Olaparib, an experimental drug from AstraZeneca found to have shrank or stabilized tumors in around half of ovarian cancer patients with an inherited gene mutation in early-stage clinical tests.

Stan Kaye, head of the Section of Medicine at the Institute of Cancer Research (ICR), said the results were very encouraging.

He said that the findings raise the possibility that carefully selected patients in future may well be offered olaparib as an alternative to chemotherapy.

Out of around 50 women with confirmed or suspected BRCA1 or BRCA2 gene mutations given olaparib in an expansion of a Phase I study, 20 responded with their tumors shrinking or with significant falls in a key cancer marker. The drug also stabilized disease in a further three patients.

It was effective for an average of seven months, although several patients were still taking olaparib nearly two years later, researchers from the ICR, the Royal Marsden Hospital and AstraZeneca reported in the Journal of Clinical Oncology.
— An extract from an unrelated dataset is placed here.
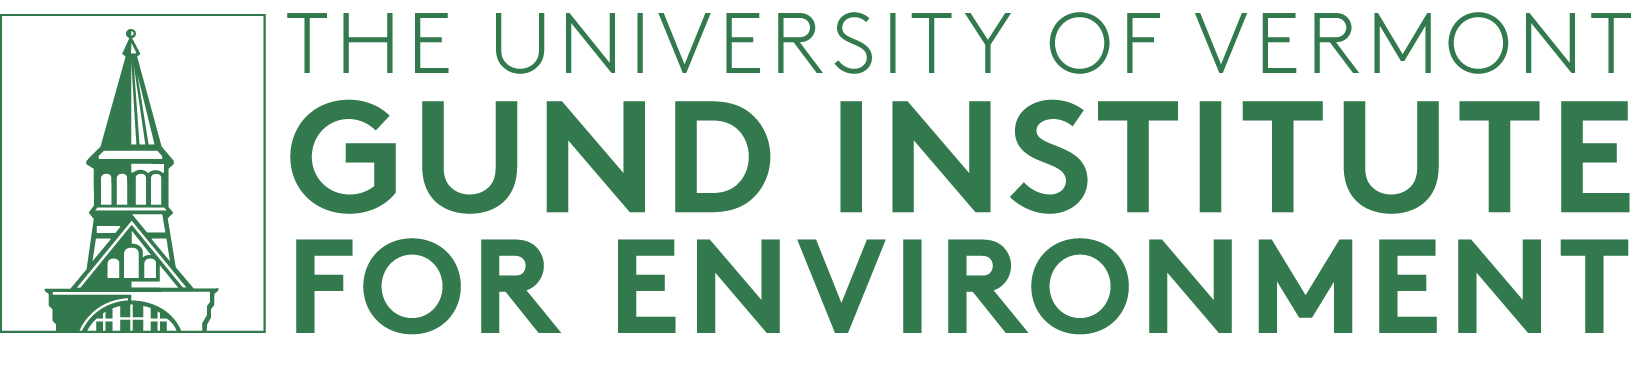 The University of Vermont Gund Institute for Environment logo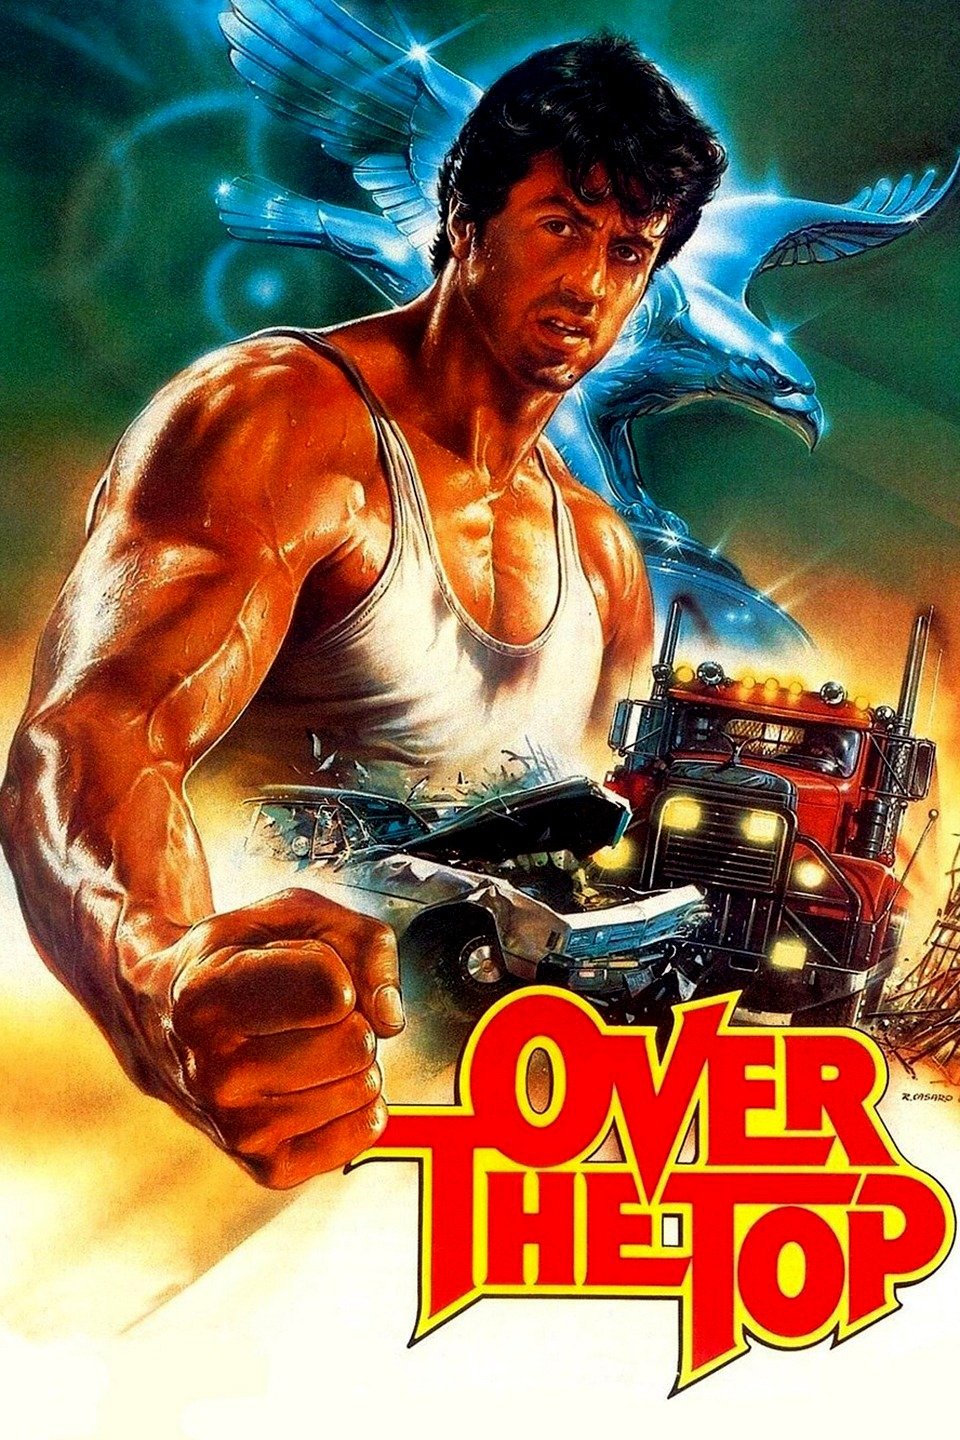 [MINI Super-HQ] Over The Top (1987) พ่อครับ อย่ายอมแพ้ [1080p] [พากย์ไทย 5.1+ เสียงอังกฤษ 5.1] [บรรยายไทย + อังกฤษ] [เสียงไทย + ซับไทย] [OPENLOAD]

Side-effects were mild, especially when compared to current chemotherapy treatments.

Platinum-based chemotherapy is one of the main treatments used for ovarian cancer. However, it can make patients very sick and typically loses effectiveness over time.

Olaparib efficacy was also lower in platinum-resistant patients but its clinical benefit rate was still 46 percent in this group, the study found.

Up to 15 percent of ovarian cancers have known BRCA1 or BRCA2 mutations. Experts believe olaparib may also be effective in cancers linked to other DNA repair defects, so the drug could have a role in about half of cases.

Randomized trials of olaparib in ovarian cancer are now underway and results will be available later this year.

Promising results with olaparib and another PARP drug from Sanofi-Aventis in women advanced breast cancer were one of the highlights of last year's meeting of the American Society of Clinical Oncology.

PARP is short for poly (ADP-ribose) polymerase, which is used by cancer cells to repair DNA damage. By blocking the enzyme, the drug is designed to undermine the ability of cancer cells to heal themselves.